Черт его знает, каким он стал, этот мой друг Боря. Тоже
позер! Любит, видите ли, «правду-матку в глаза резать».
Мы подходим к нашему дому. Борис должен взять у меня
кое-какие книжки.
– Слушай, – говорю я ему после долгого
молчания, – хочешь узнать, о чем думает мой Димка? – Говорю это так,
как будто сам прекрасно знаю, о чем он думает. – Посидим у нас в садике
минут пятнадцать. Он там в это время всегда бывает. Поговорим с ним.
– Тебя задели мои слова? – спрашивает Борис.
– Чепуха! Все же давай посидим в садике. Мы входим в
наш «патцио» и садимся на скамейку в глубине садика, под цветущим кустом
сирени.
***
«Барселона» живет вечерней жизнью, как и все дома в Москве.
Всеми тремя этажами, сотней окон она смотрит себе внутрь. За шторками двигаются
люди, наяривают телевизоры. В противоположном углу двора два приятеля Гера и
Гора налаживают на подоконнике магнитофон. Сейчас будут оглушать весь двор
музыкой. Пока не придет дворник.
Под аркой зажигаются фары.
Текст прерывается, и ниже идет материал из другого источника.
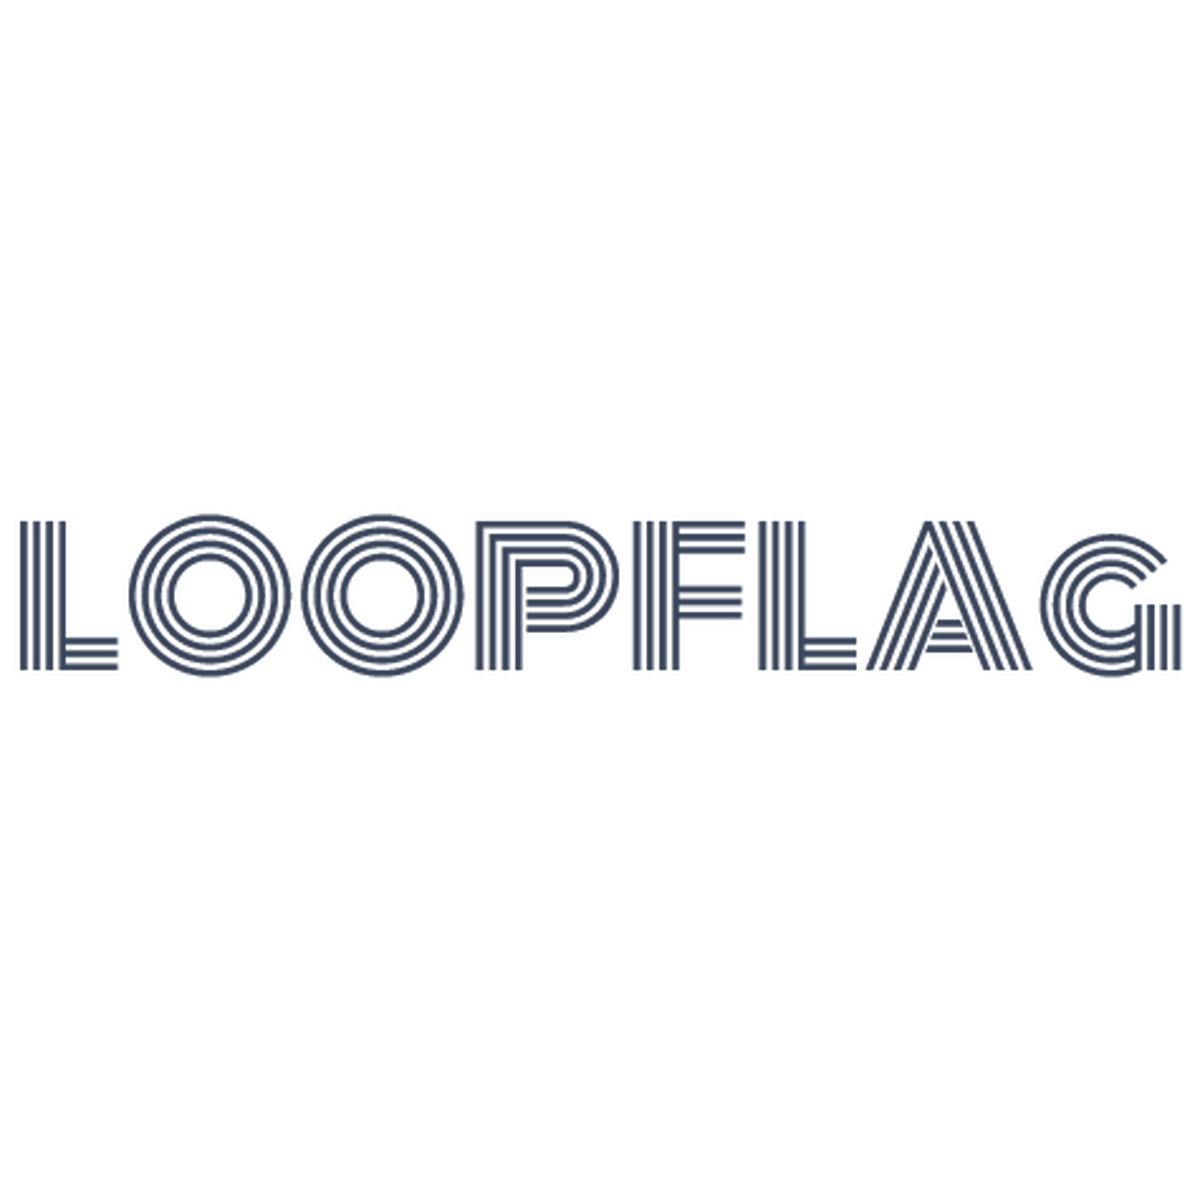 ウェルカムアイテム Loop Flag ループフラッグ ウェディング 両親贈呈品 ウェルカムボード プチギフト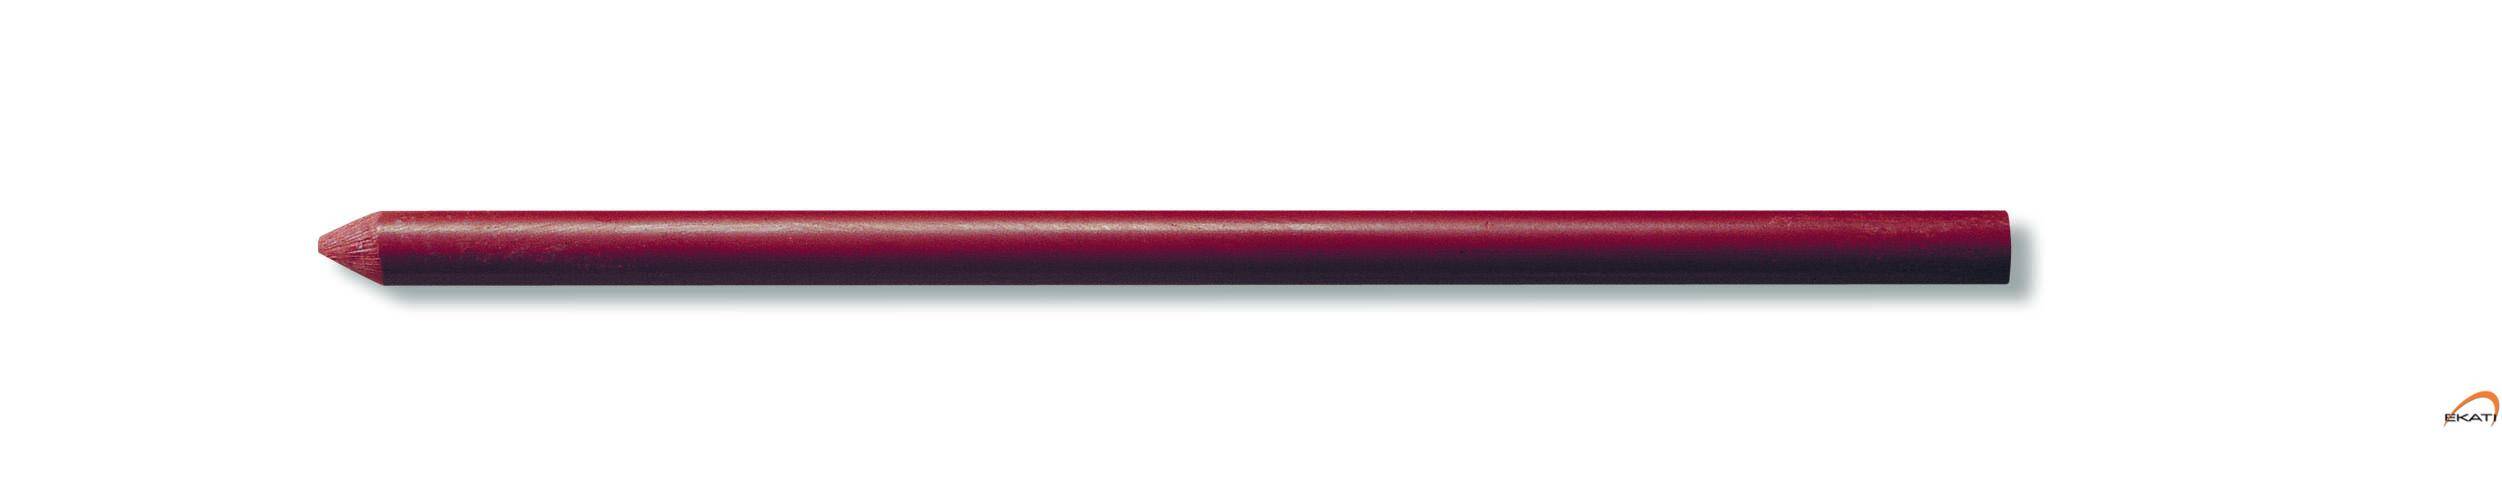 Graf.5.6mm 4373 do KUB.rudka czerwony

Во двор въезжает новенькое такси.
Сгусток энергии и комфорта XX века на фоне наших облупленных стен.
Из дверей выскакивает мастер художественного слова Филипп
Громкий со своими элегантными чемоданами.
– Далеко, Филипп Григорьевич? – спрашивает дядя
Илья.
– В турне, друзья. Рига, Таллин… На Балтику, друзья.
– Филипп! – кричит из окна наш папа. – Ионами
на взморье попользуйся. Подыши как следует. Лучшее лекарство для нас с тобой.
– Что же вы раньше не сказали, Филипп Григорьевич, что
в Ригу едете?
– обиженно говорит спекулянт Тима.
– Программа у вас та же? Новенькое что-нибудь
выучили? – интересуется шофер Петя Кравченко.
– Товарищ Громкий, а за электричество вы
заплатили? – светским тоном осведомляется тетя Эльва.